Using fresh donor eggs for in-vitro fertilization (IVF) provides a small but statistically significant advantage in birth outcomes compared to frozen donated eggs, research finds.

The national study in the journal Obstetrics & Gynecology was the largest head-to-head comparison of the two IVF approaches, measuring the likelihood of a good perinatal outcome, defined as a single baby without prematurity and with a healthy birth weight.fresh eggs

“Our study found that the odds of a good birth outcome were less with frozen than with fresh, but it was a small difference,” says lead author Jennifer L. Eaton, medical director of assisted reproductive technology and director of the Oocyte Donation Program at the Duke Fertility Center.

“From a clinical standpoint, given that frozen eggs have many benefits such as ease, cost, and speed, the decision to use fresh or frozen donor eggs should be made on an individual basis after consultation with a physician,” Eaton says.

Eaton and colleagues, including senior author Alex Polotsky of the University of Colorado Advanced Reproductive Medicine, studied three years of data from the Society for Assisted Reproductive Technology. Nearly 37,000 IVF attempts were analyzed, including 8,381 (22.7%) that used frozen eggs and 28,544 (77.3%) using fresh.

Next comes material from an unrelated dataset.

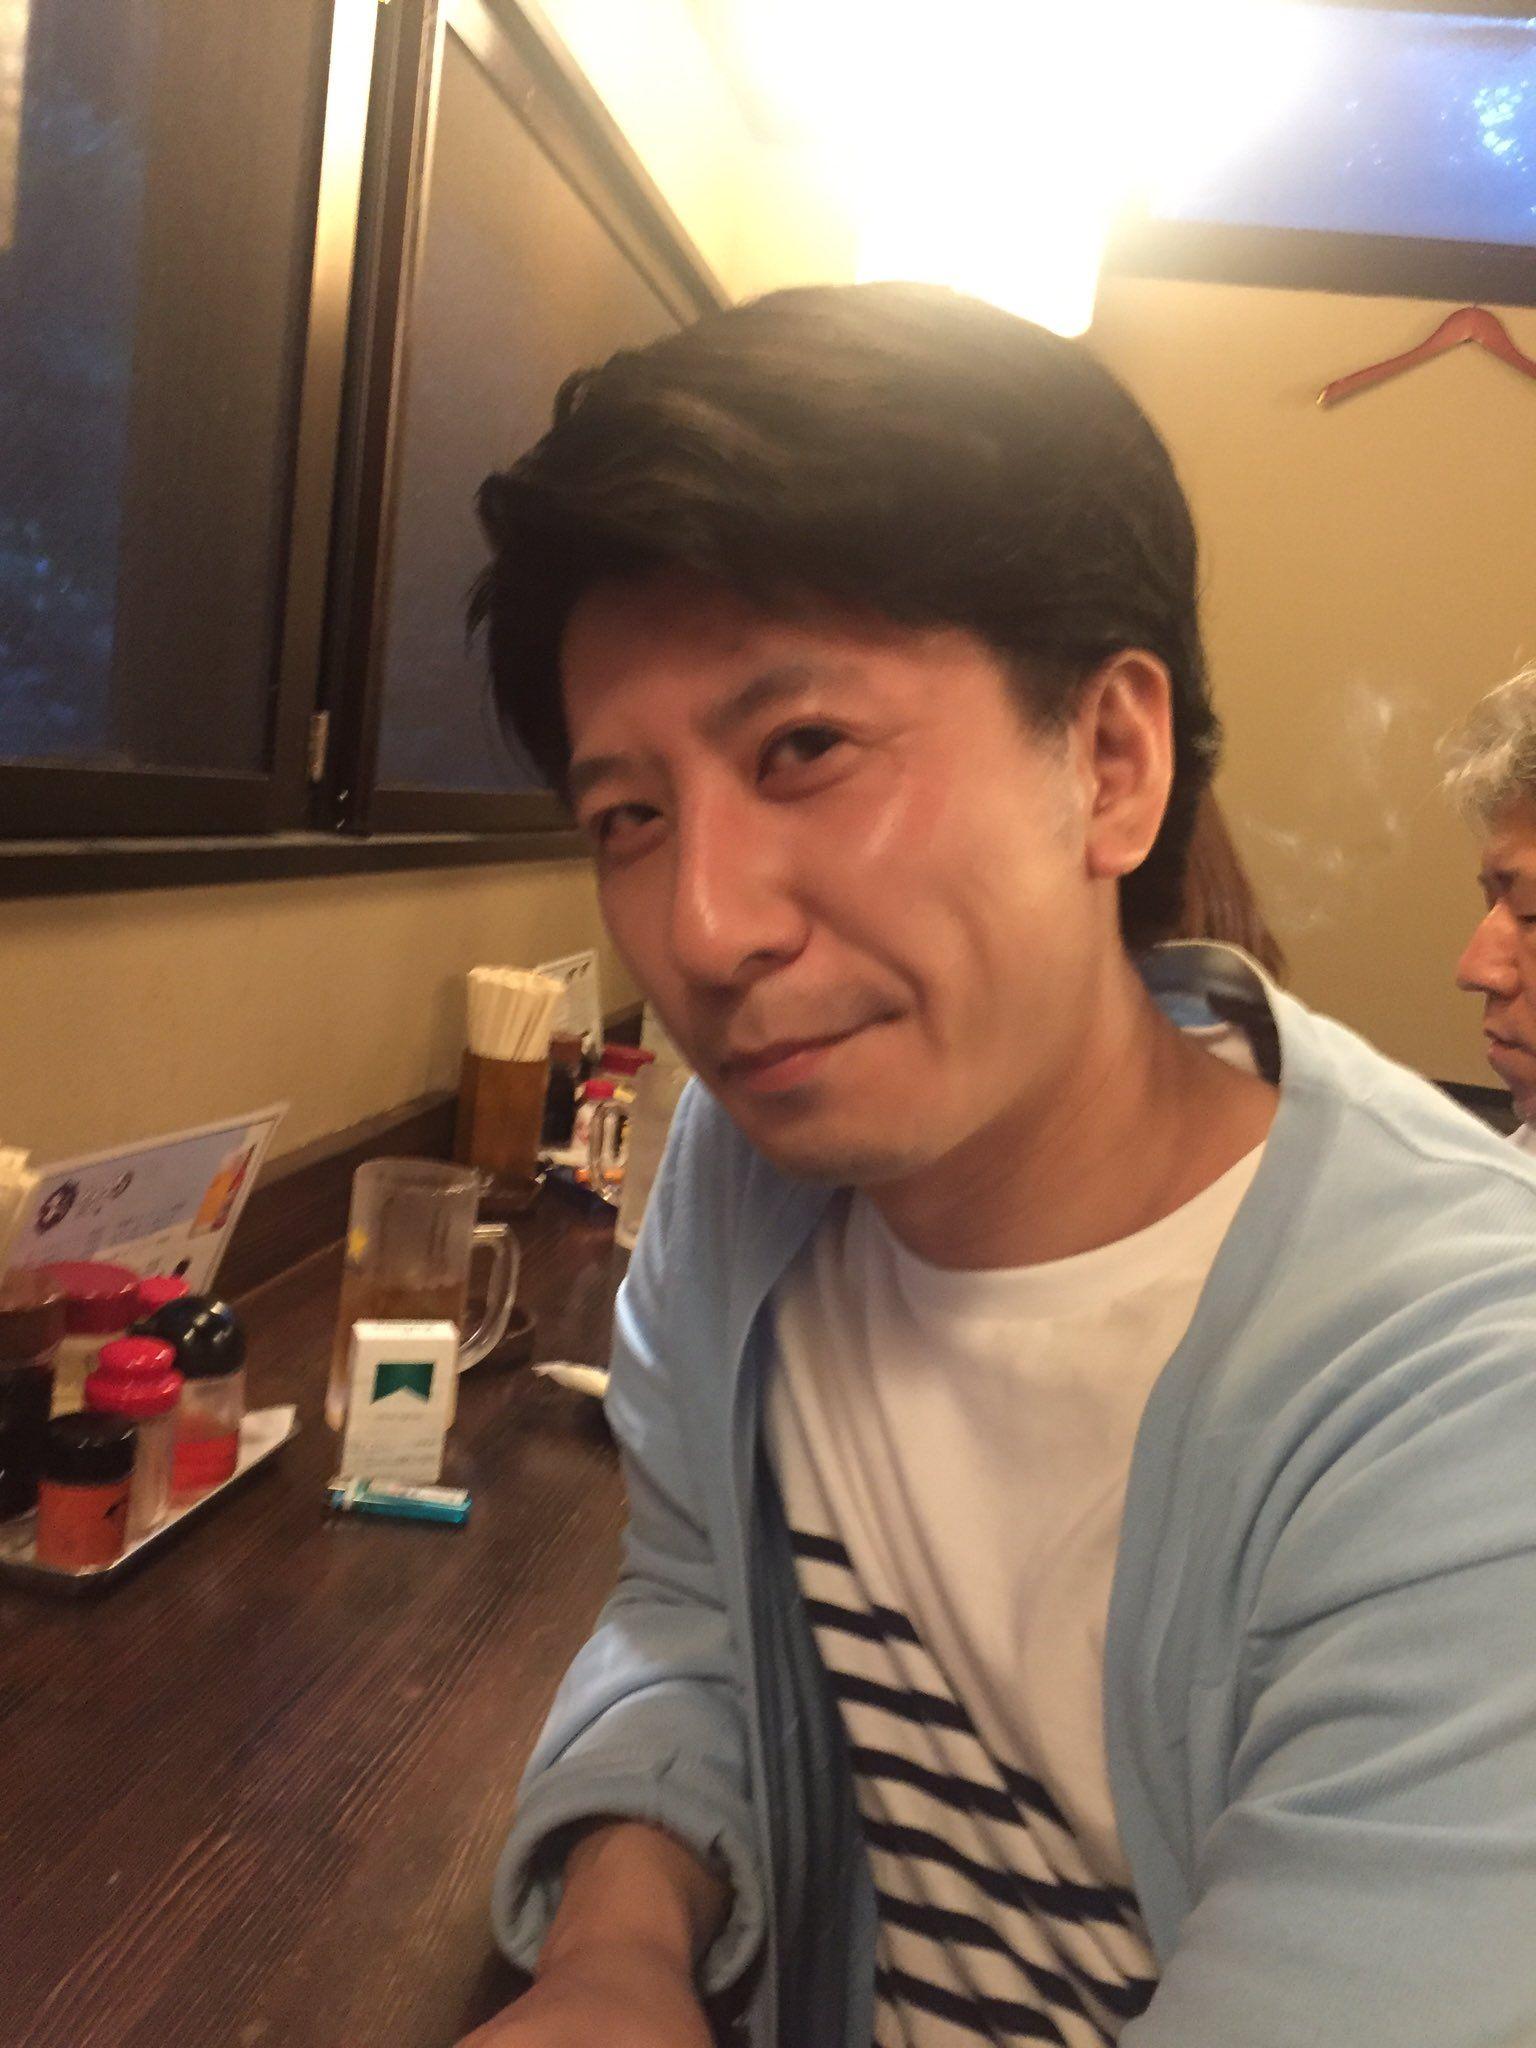 """吉川 唯之 on Twitter: """"吉祥寺のいせやさんで飲んできました。ザ・フライの今野に全額おごってもらいました。 https://t.co/FUBYmtKZTn"""""""

Controlling for factors such as the quality of fertilized eggs and the age of both mother and donor, the researchers found that fresh eggs resulted in a good perinatal outcome in 24% of fertility attempts compared to 22% of the attempts with frozen eggs. Implantation, clinical pregnancy, and live birth rates were all significantly higher among the women using fresh eggs vs. frozen.

“As IVF with donor oocytes has become standard treatment for women with decreased egg supply or advanced reproductive age, there has been an increased demand for donor oocytes, making frozen eggs an attractive option,” Eaton says. “In general, IVF with frozen donor eggs is cheaper and faster than with fresh donor eggs.